According to the group, citing data from EPFR Global, net capital inflows of $US7.8 billion were recorded in the week to January 11, the third week in succession and the largest total seen in 14 weeks.
Jefferies said that inflows into bond funds were broad-based geographically and by category, with the exception of government bond markets.
Given signs that inflationary pressures are continuing to build, net inflows into inflation-protected bonds also jumped to a 7-week high.

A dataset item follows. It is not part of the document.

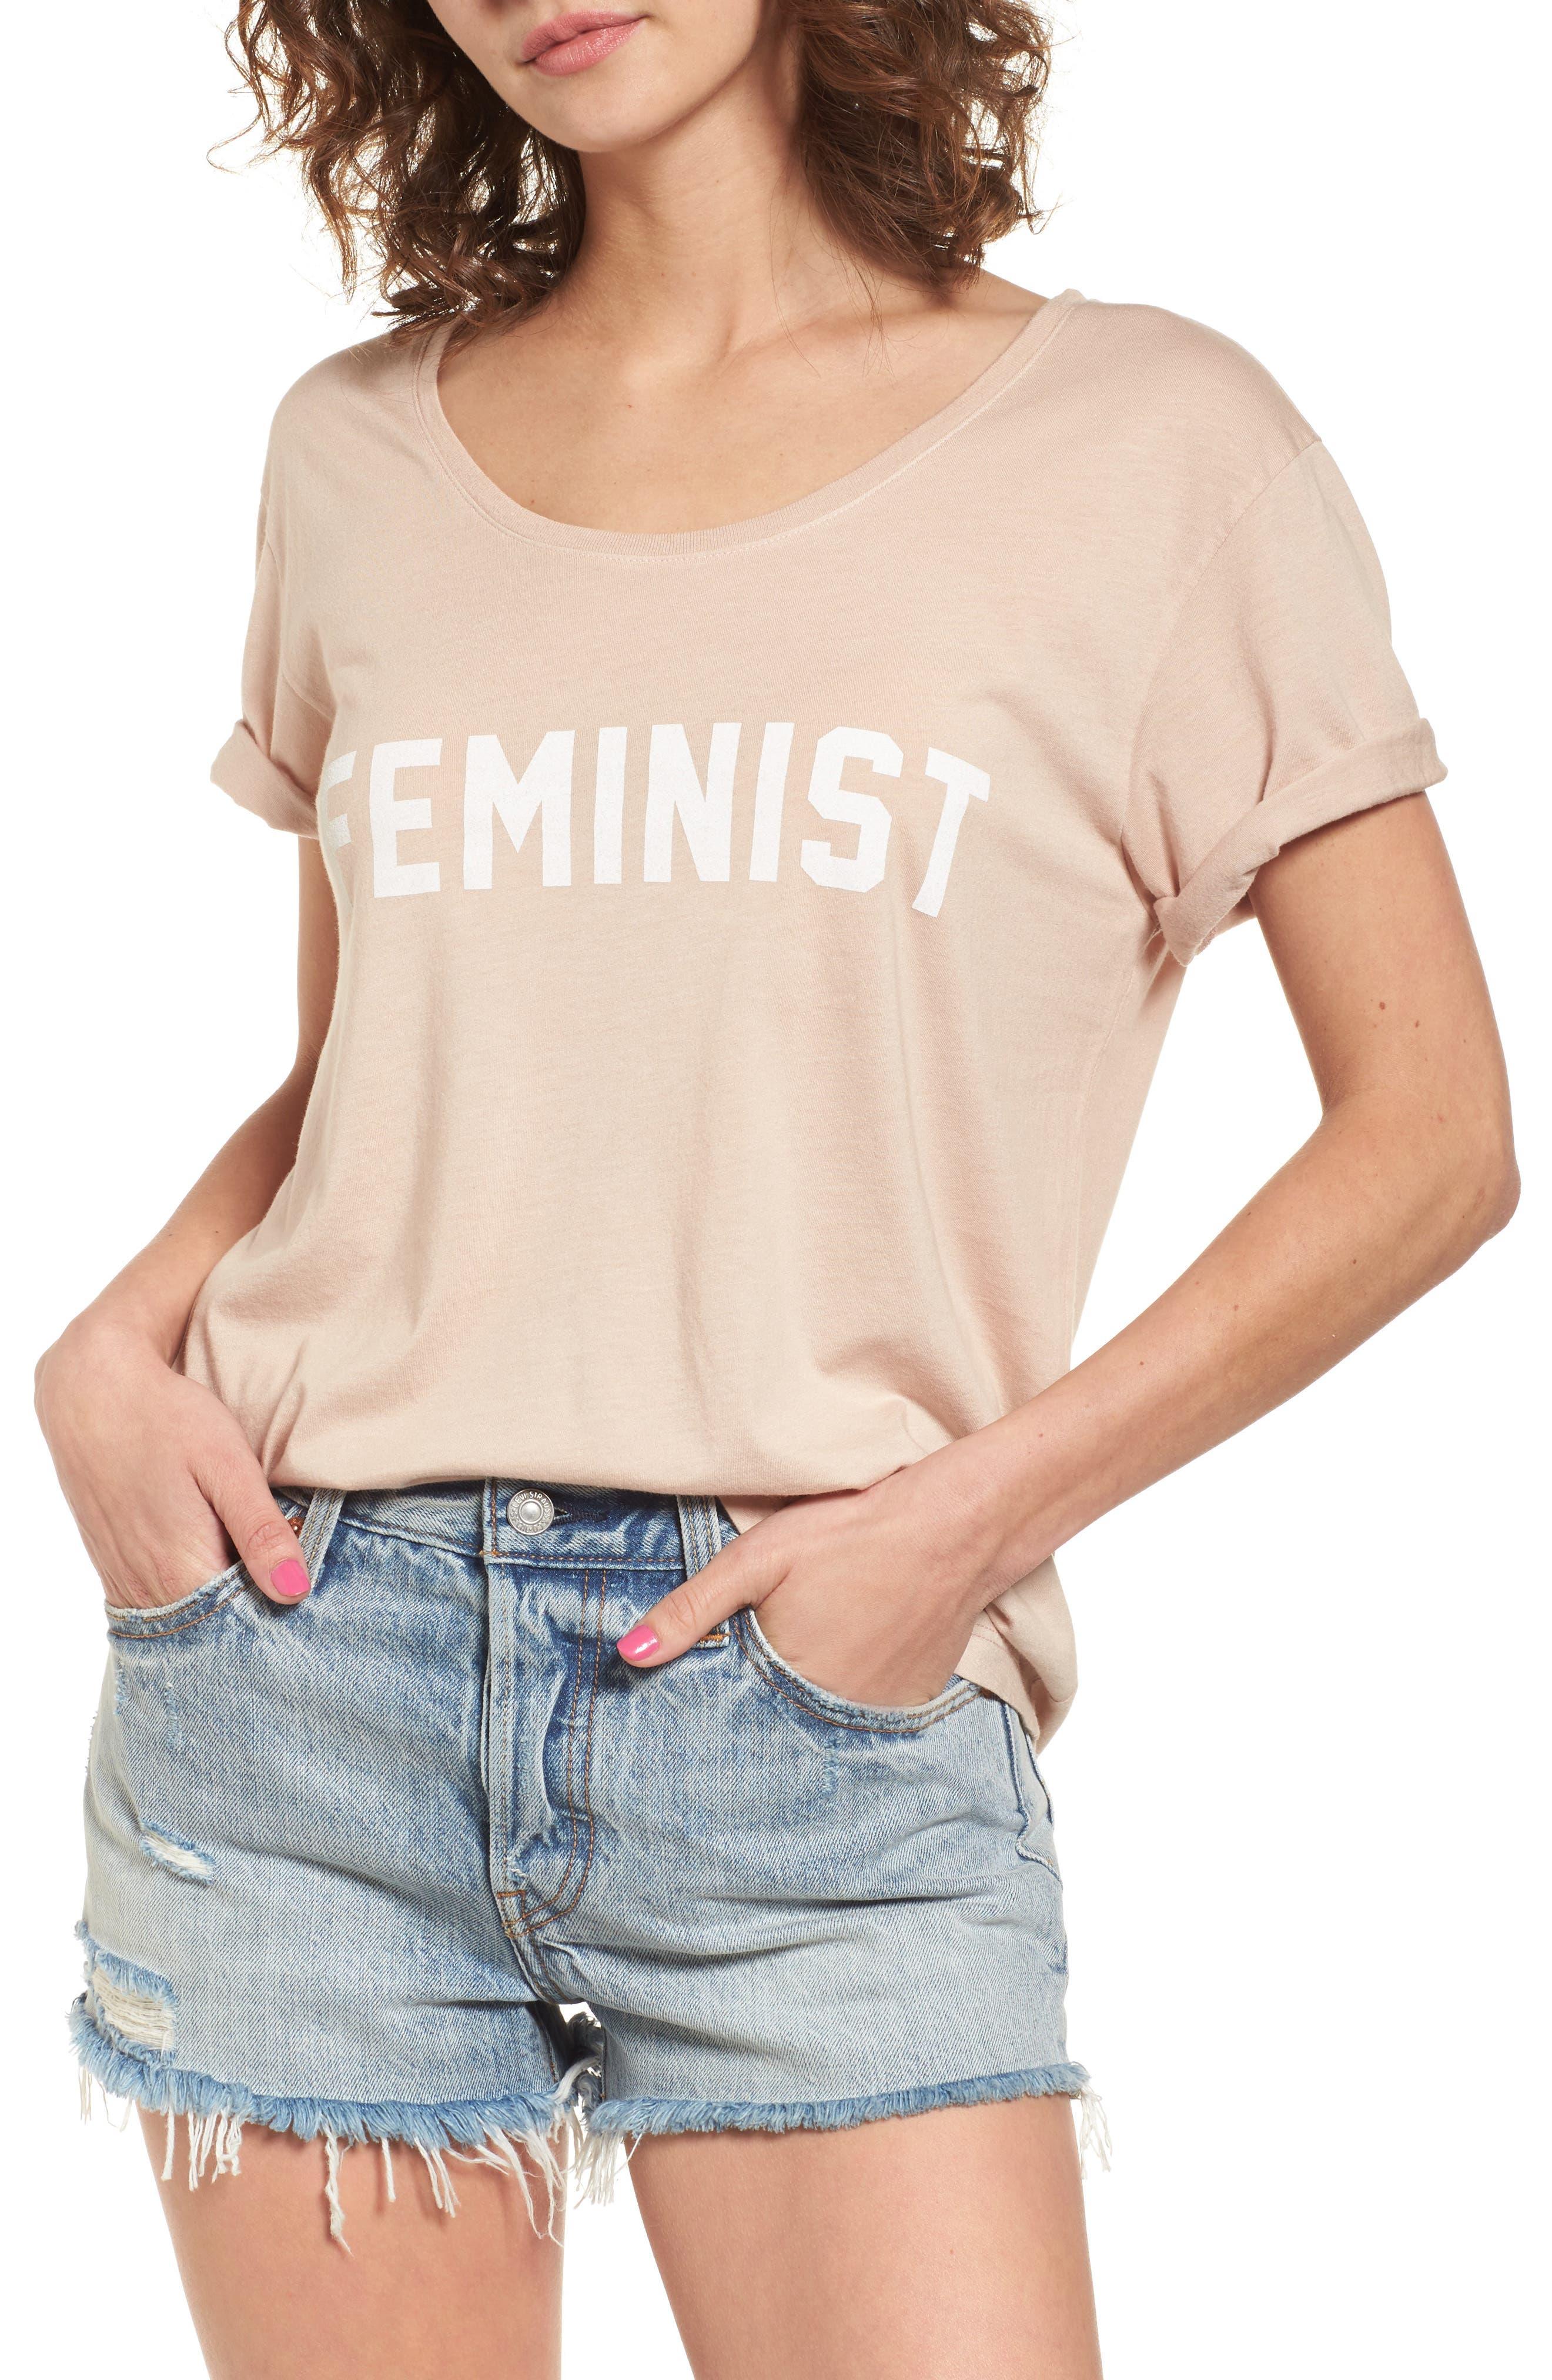 Daydreamer Feminist Graphic Tee

The inflows into bonds — unsurprisingly — corresponded with a decline in bond yields in many developed economies, a move that sparked by concern among some investors that the so-called Trump “reflation trade” — built around expectations for higher US economic growth, inflation and interest rates — had moved too far too fast in the week’s following Trump’s election victory.

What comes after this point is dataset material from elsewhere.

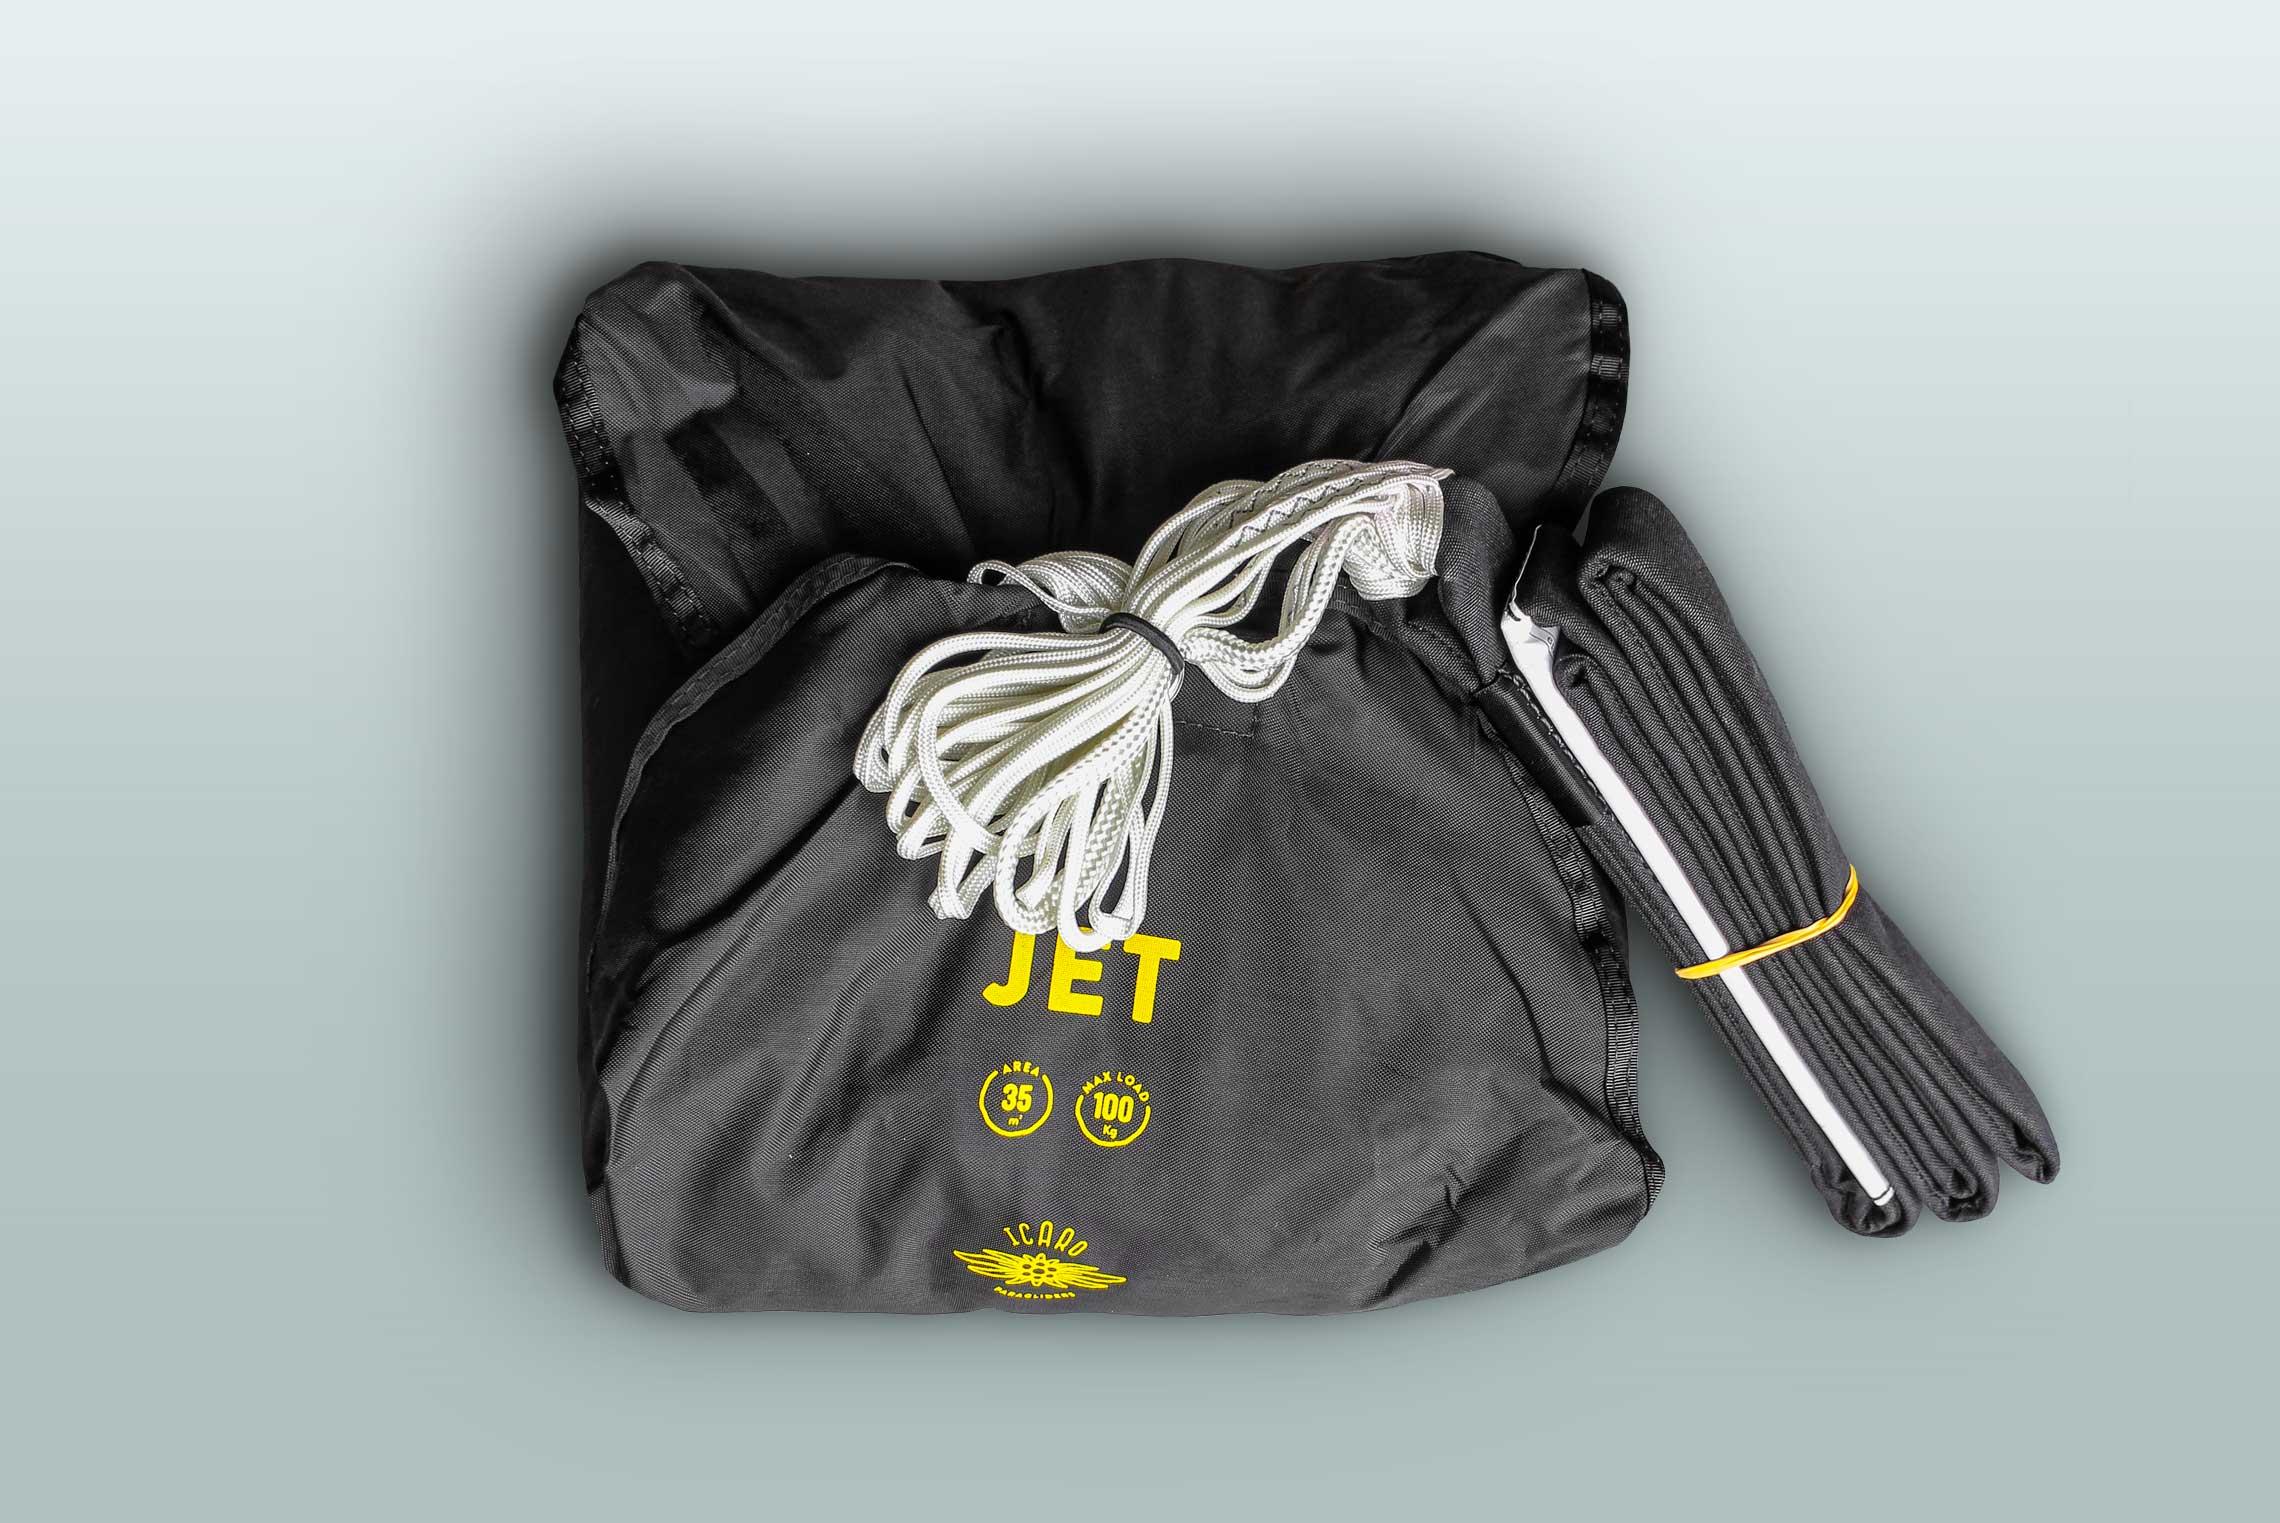 Icaro-Paragliders-Nödskärm-Jet-Gallery_01

Putting the cart before the horse, in other words.
This chart from Jefferies shows net cumulative capital flows into global bonds, stocks, commodities and money market funds over the past year:
However, despite growing concerns about the merits of the reflation trade among some analysts, that didn’t stop investors from tipping more funds into stocks, says Jefferies, noting net capital inflows into both developed and emerging markets.
“Global equity funds saw their second weekly inflow at $US7.7 billion, the largest in four weeks,” said the group.
“While emerging market equities recorded their first weekly inflow in four weeks, developed market equities witnessed more broad-based injections by market.
“Notably the $US2.3 billion inflow seen in Europe was a year’s high with all the markets within the region experiencing net injection,” it added.
Elsewhere, net capital flows into US stocks totalled $US556 million for the week with investors seemingly favouring small cap stocks over their larger peers.
Net capital inflows into US stocks have now risen in nine of the past ten weeks, and in 12 of the past 14 weeks for Asian markets.
While flows continued into stocks and bonds, investors continued to liquidate positions in commodity funds with capital outflows totalling $US336 million, the ninth week in a row that net outflows were recorded.
“Gold, silver and precious metals, along with agricultural, have been more consistent casualties,” said Jefferies.